ApacheCon - Keynotes

2010-11-25 23:20
The first keynote was given by Dana Blankenhorn – a journalist and blogger regularly publishing tech articles with a clear focus on open source projects. Focussed on the evolution of open source projects with a special focus on Apache.

Coming from a research background the keynote given by Daniel Crichton from NASA was very interesting to me: According to the speaker scientists are facing challenges that are all to known to large and distributed corporations. Most areas in science is currently becoming more and more dependent on data intensive experiments. Examples include but are not limited to

  • The field of biology where huge numbers of experiments are needed to decipher the internal workings of proteins, or to be able to understand the fundamental concepts underlying data encoded in DNA.
  • In physics hadron collider experiments huge amounts of data are generated with each experiment. With facilities for running such experiments are expensive to build and the amount of data generated is for too large to be analysed by just one team groups of scientists are suddenly facing the issue of exchanging data with remote research groups. They suddenly run into the requirement of integrating their system to those of other groups. All of a sudden data formats and interfaces have to somehow be standardised.
  • Running space missions used to be limited to just a very small number of research institutions in a very tiny number of countries. However this is about to change as more countries are gaining the knowledge and facilities to run space missions. Again this leads to the need to be able to collaborate towards one common goal.

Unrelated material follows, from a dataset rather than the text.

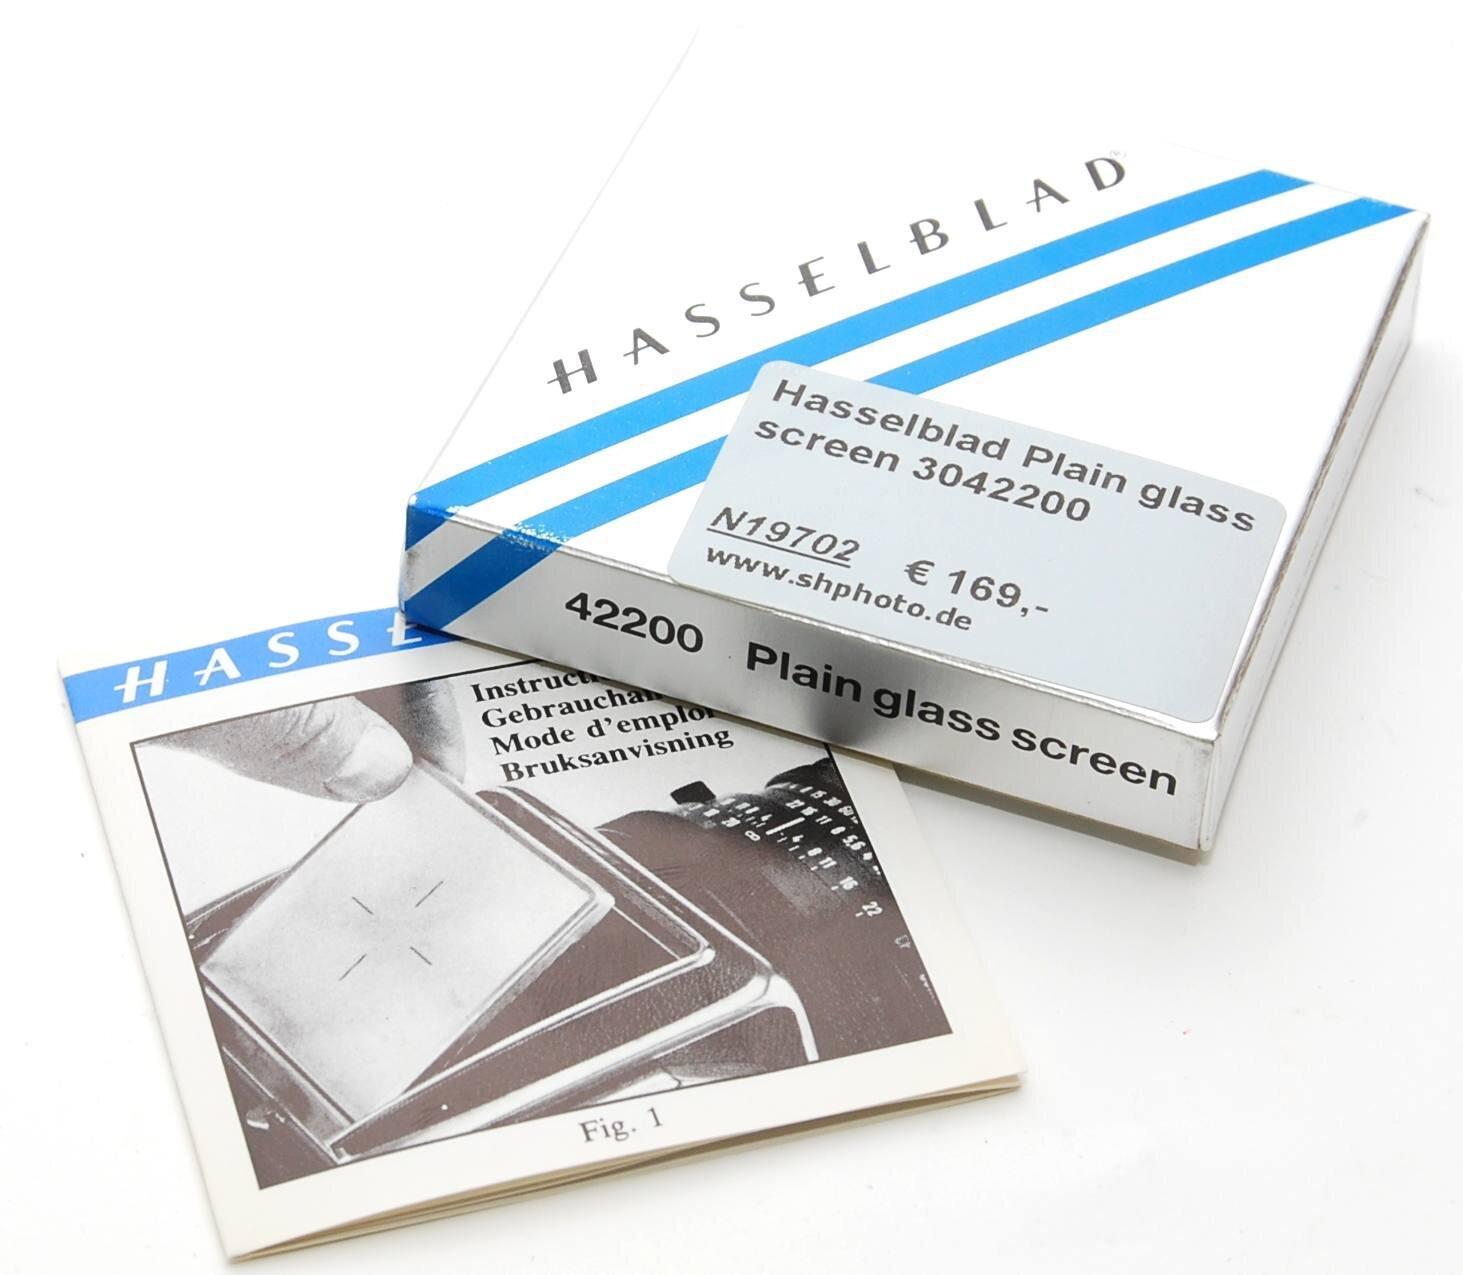 Hasselblad Plain glass screen 3042200

Not only are software systems so far distinct and incompatible. Even data formats used usually are incompatible. The result are scientists spending most of their time re-formatting, converting and importing datasets before being able to get any real work done. At the moment research groups are not used to working collaboratively in distributed teams. Usually experiments are run on specially crafted, one-of software that cannot be easily re-used, that does not adhere to any standards and that is being re-written over and over again by every research group. Re-using existing libraries is oftentimes a huge cultural shift as researchers seemingly are afraid of external dependencies, afraid of giving up control over part of their system.

One step into the right direction was taken by NASA earlier this year: They released their decision making support system OODT under a free software license (namely the Apache Software License) and put the project under incubation at Apache. The project currently is about to graduate to its own top level Apache project. This step is especially remarkable as successfully going through the incubator also means to have established a healthy community that is not only diverse but also open to accepting incoming patches and changes to the software. This means to not only give up control over your external dependencies but also having the project run in a meritocratic, community driven model. For the contributing organisation, this boils down to no longer having total control over the future roadmap of the project. In return this usually leads to higher community participation, and higher adoption in the wild.